Matrix scatterplot of the Airquality data using lattice

In this post we will build on the last one, and create a matrix scatterplot. The package lattice allows for some really excellent graphics. In case you haven’t already seen it I recommend the R Graph Gallery for some examples of what it can do – browse the graphics by package used to create them. We’ll use the same dataset as last time, where we made a plot of the NO levels in the atmosphere vs ozone levels for Nottingham, UK.

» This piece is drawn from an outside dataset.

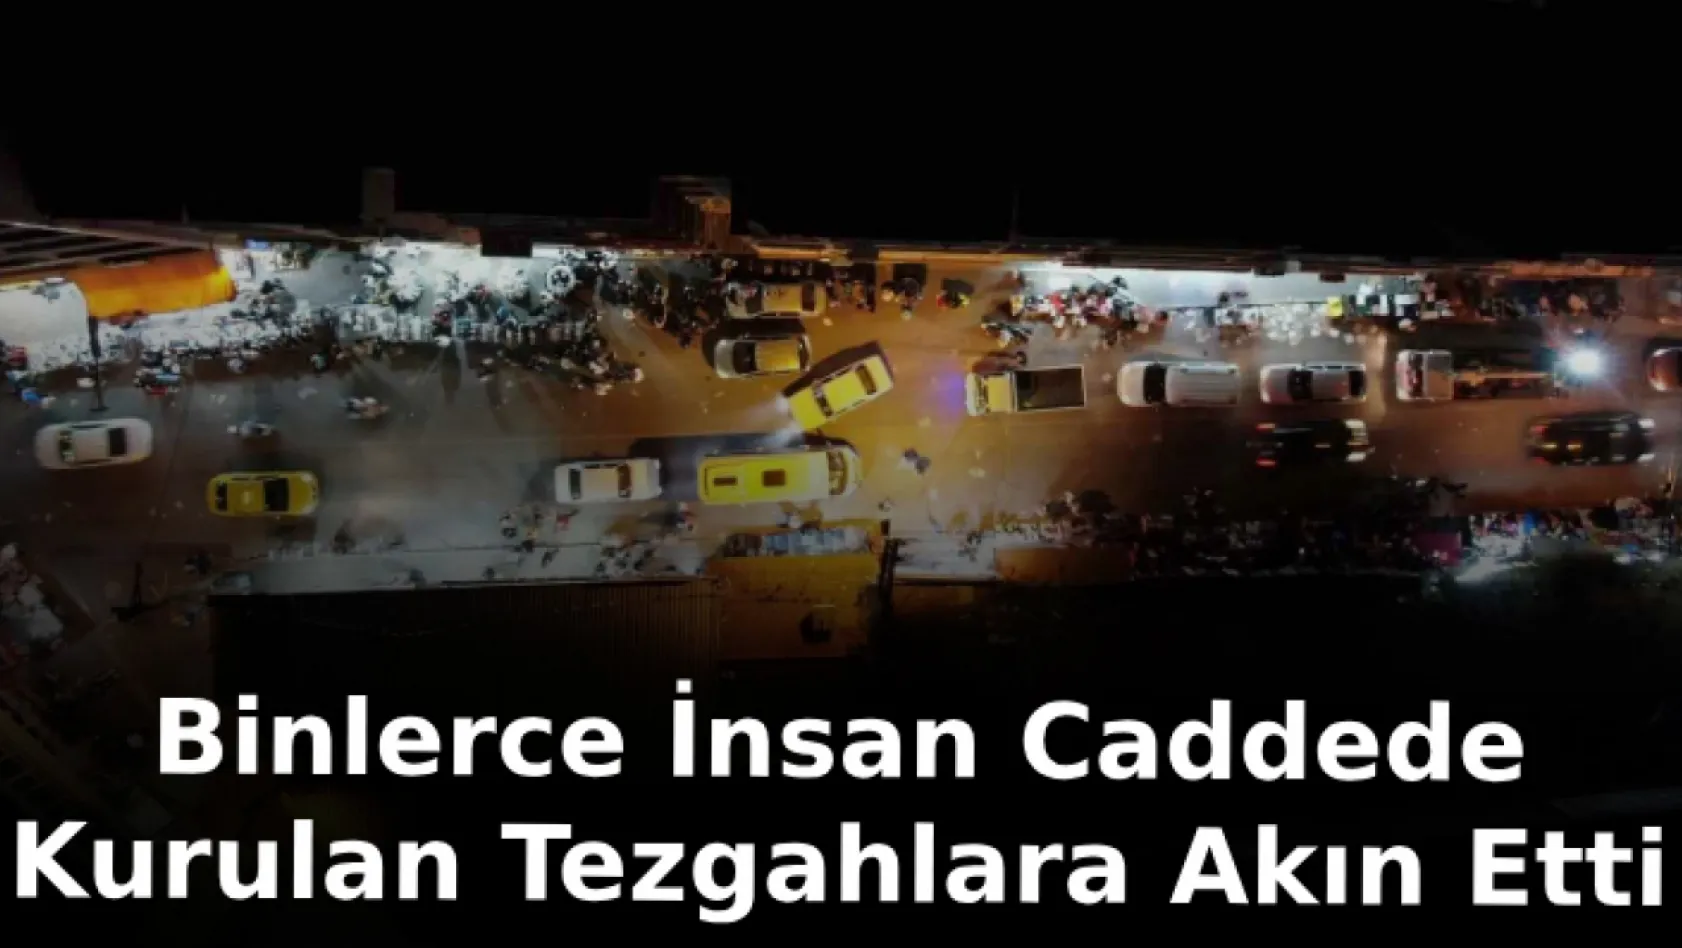 İzmir'de binlerce insan caddede kurulan tezgahlara akın etti

First step is to load the lattice package.

require("lattice")

Download the dataset from here, and put the file in your working directory. Now we’ll put the dataset into the matrix data.

columns <- c("date", "time", "NO", "NO_status", "NO_unit",
      "NO2", "NO2_status", "NO2_unit", "ozone", "ozone_status",
      "ozone_unit", "SO2", "SO2_status", "SO2_unit")
data <- read.csv("27899712853.csv", header = FALSE,
      skip = 7, col.names = columns, stringsAsFactors = FALSE)
x <- data$NO
y <- data$ozone
z <- data$SO2

So that it’s easier to follow, I’ve extracted 3 vectors from the matrix: x, y, and z.   These are the columns of the data for NO, ozone and SO2.  Hopefully this will help you follow things.  When working with graphs, I usually do this (in the last post I extracted x and y).  If I make a nice graphic I can then “cut and paste” it into another program, and just change the data in xy and z and hey presto, the same graphic is instantly used with new data.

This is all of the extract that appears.